I am still amazed at how many web sites still don’t employ a robots.txt file at the root of their web server. Even SEO firms or people claiming to be SEO experts have them missing which I find very funny. There also countless arguments of whether you still need to have a robots.txt, but my advice is if the search engine robots still request it then I’d rather have it there with the welcome mat to the site.
For those of you who don’t know the history of a robots.txt file then i’d suggest you have a Google or Wikipedia for it. In short it ‘s a text file that specifies which parts of a web site to ‘index’ and ‘crawl’ and/or which parts to not index. You can also get specific and setup up rules based on a certain spiders and crawlers.
To start with you need to create a text file called robots.txt and place in the root of your web host. You should be able to access it through your web browser at www.yourdomain.com/robots.txt
You can view other web sites robots.txt files by accessing the robots.txt at the root of their domain.

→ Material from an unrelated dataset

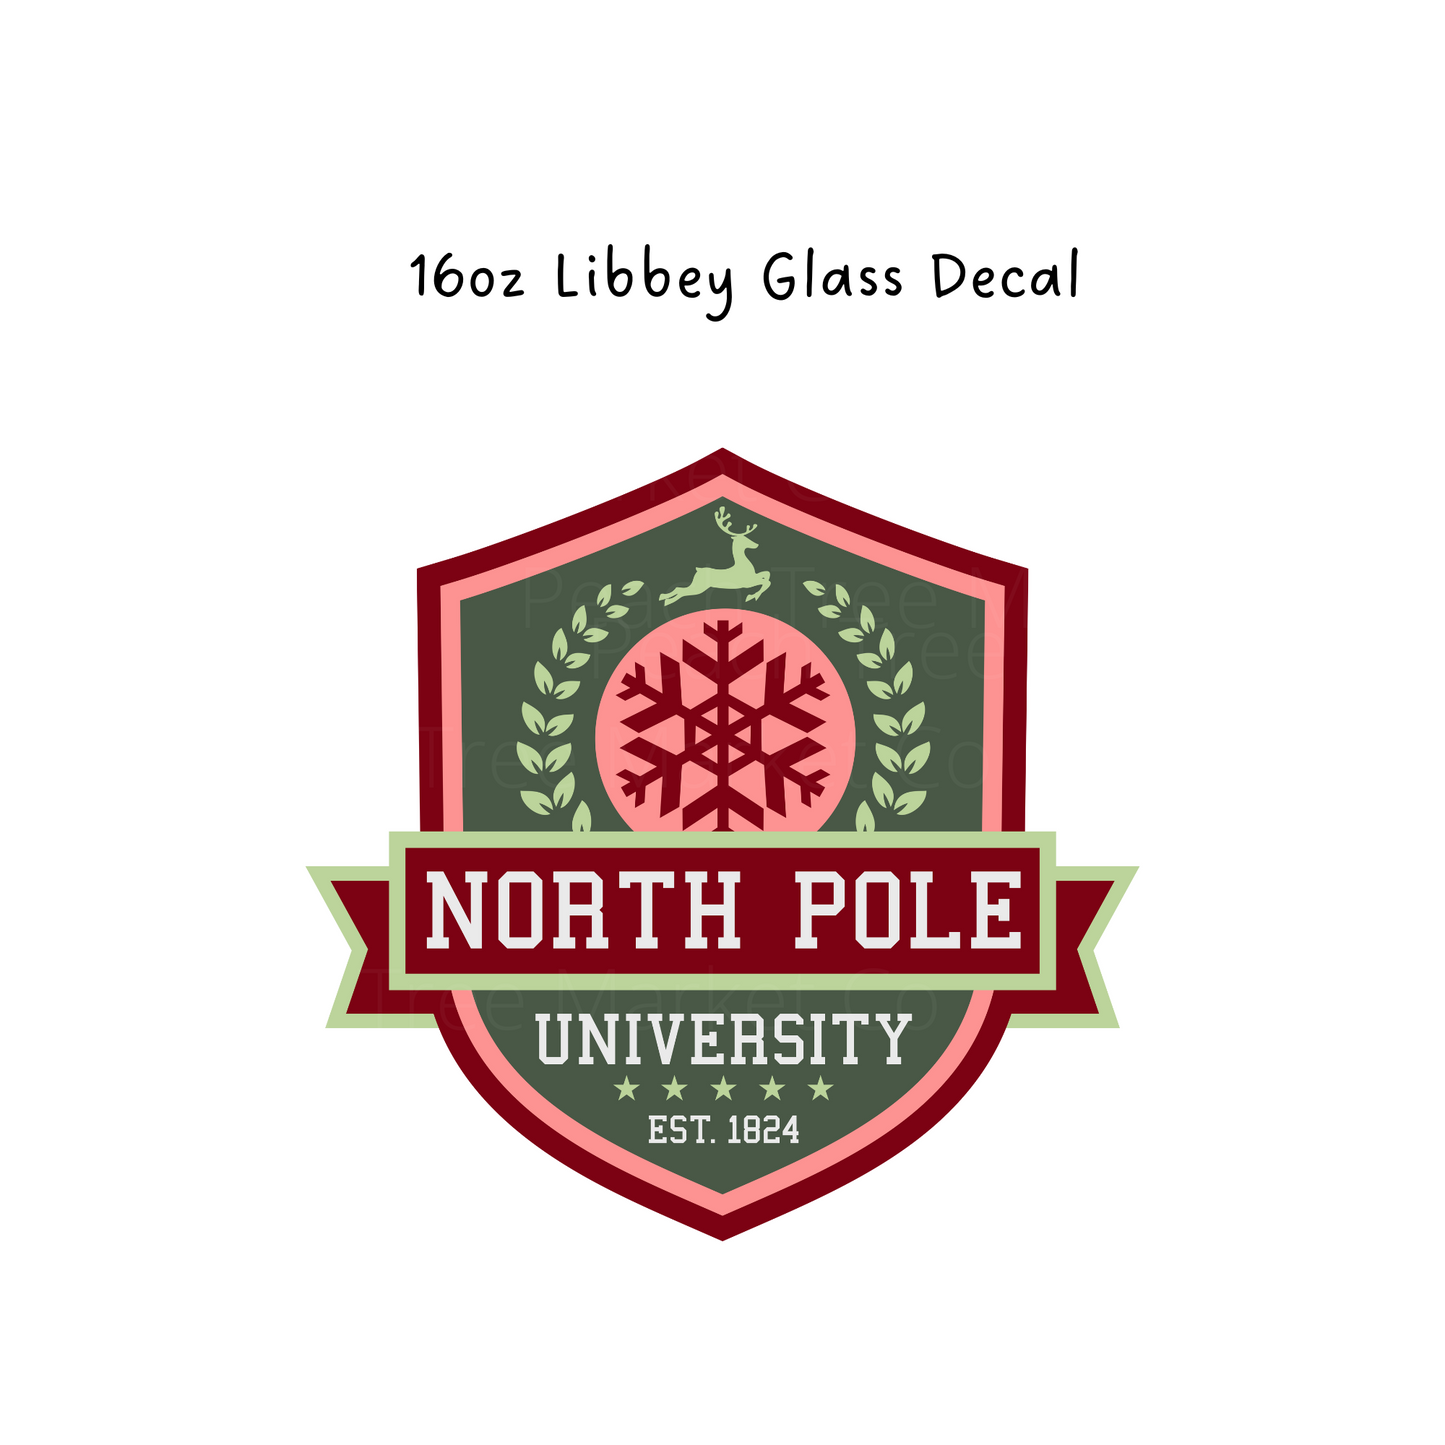 North Pole University  16 Oz Libbey Beer Glass Decal

If you want Google, etc. to come into your site and index everything then things are very easy. Simply add the following to your robots.txt file and away you go:
User-agent: *
Disallow:
Alternatively if you wish to stop all pages in your site being indexed then the following should be present in your file:
User-agent: *
Disallow: /
To stop robots indexing a folder called images and another called private you would add a Disallow line for each folder:
User-agent: *
Disallow: /images/
Disallow: /private/
The above would still index the rest of the site, but anything in those folders would be excluded from search engine results.
To disallow a file you specify the file as above with a folder:
User-agent: *
Disallow: /myPrivateFile.htm
If you only wanted Google access to your site you specify the following:
User-agent: Google
Disallow:
User-agent: *
Disallow: /
If you are looking at getting your site fully indexed then I would put the first example in your robots.txt file.